Terminal device 2000 may also include input/output component 2005 for enabling input/output of information and user interaction with the device via input/output component 2005.

In practical applications, the input/output component 2005 can be configured according to actual needs, and can include, but is not limited to, a keyboard, a mouse, a touch screen, an audio component, a video component, and the like. The audio/video components may be configured for input and/or output of audio/video signals of the device. The audio components may include, but are not limited to, speakers, microphones, etc., and the video components may include, but are not limited to, cameras, video interfaces (HDMI, VGA, and/or DVI interfaces), etc

It is understood that the input/output components 2005 can be used alone or in combination to process information, for example, when a music playing instruction of a user is received through a touch screen, music is played through an audio component.

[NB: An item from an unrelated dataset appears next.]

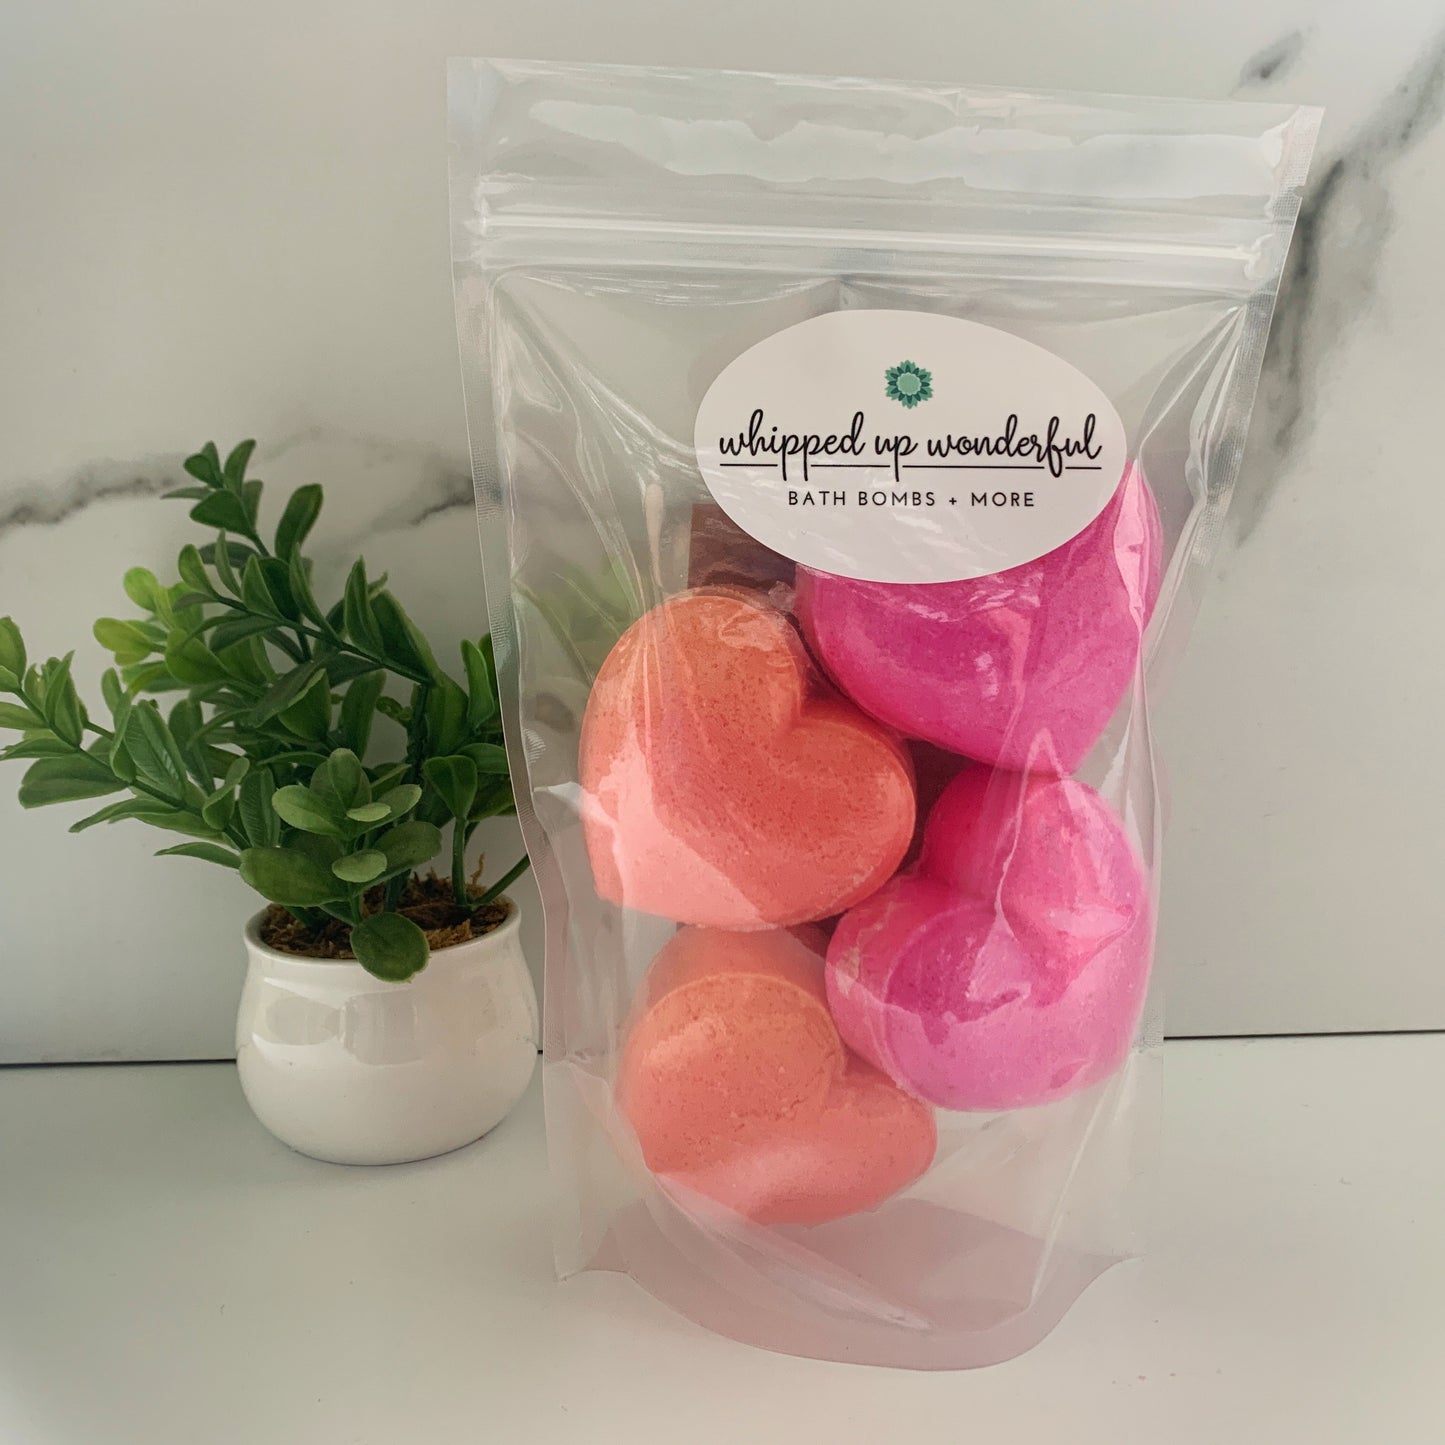 Sweetheart Bath Bombs - Love Spell and Grapefruit Lemongrass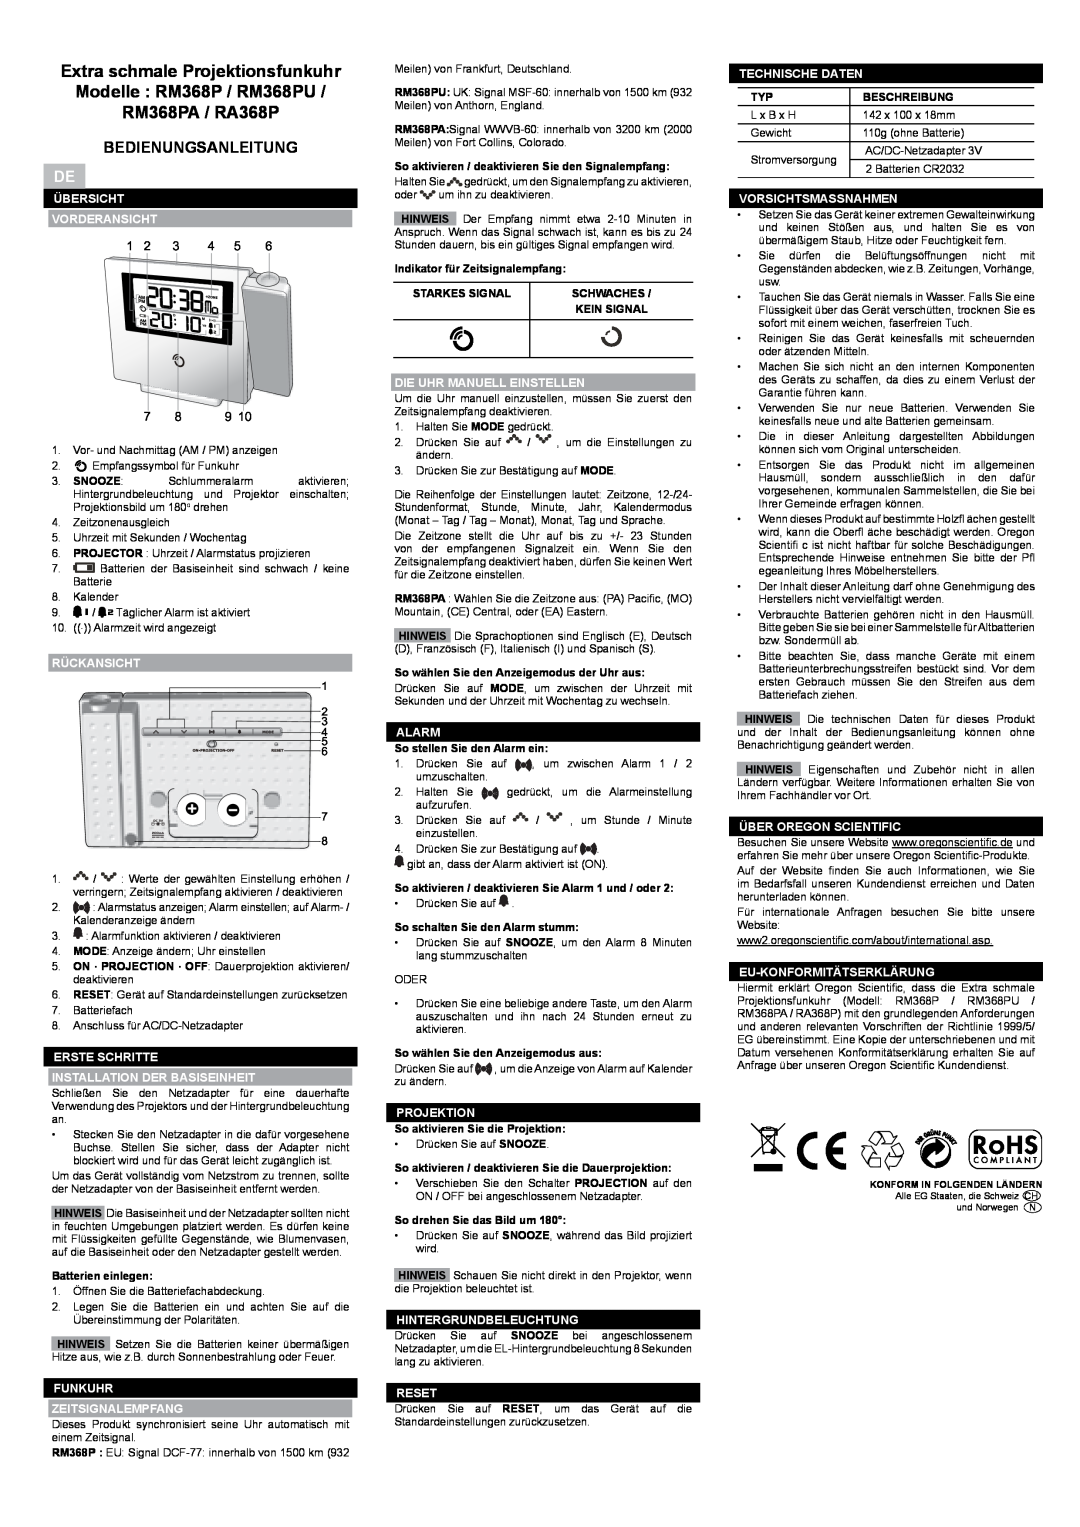 Oregon user manual Extra schmale Projektionsfunkuhr Modelle RM368P / RM368PU, Bedienungsanleitung, RM368PA / RA368P

The terminal device 2000 can further include a communication component 2006, the communication component 2006 being configured to enable communicative interaction between the terminal device 2000 and other devices (e.g., terminal device, storage device). The communication component 2006 can include, but is not limited to, a wired communication component (e.g., a mobile network communication unit such as 3G, 4G, 5G, etc.), a wireless communication component (e.g., a bluetooth, WIFI communication unit), a USB communication component, an audio component, a video component, and the like.

The terminal device 2000 may further include a power management module 2007, and the power management module 2007 may be configured to supply power to the device, convert power of the device, manage charging and discharging of the power, and the like, and may be further configured with a charging interface.

It should be noted that the terminal device of the embodiment of the present disclosure may be implemented as, but not limited to, a smart phone, a smart television, a Personal Digital Assistant (PDA), a tablet computer, a desktop computer, a portable terminal device (e.g., a portable computer), an in-vehicle device, and the like.

It should be understood that, although the steps in the flowcharts of the figures are shown in order as indicated by the arrows, the steps are not necessarily performed in order as indicated by the arrows. The steps are not performed in the exact order shown and may be performed in other orders unless explicitly stated herein. Moreover, at least a portion of the steps in the flow chart of the figure may include multiple sub-steps or multiple stages, which are not necessarily performed at the same time, but may be performed at different times, which are not necessarily performed in sequence, but may be performed alternately or alternately with other steps or at least a portion of the sub-steps or stages of other steps.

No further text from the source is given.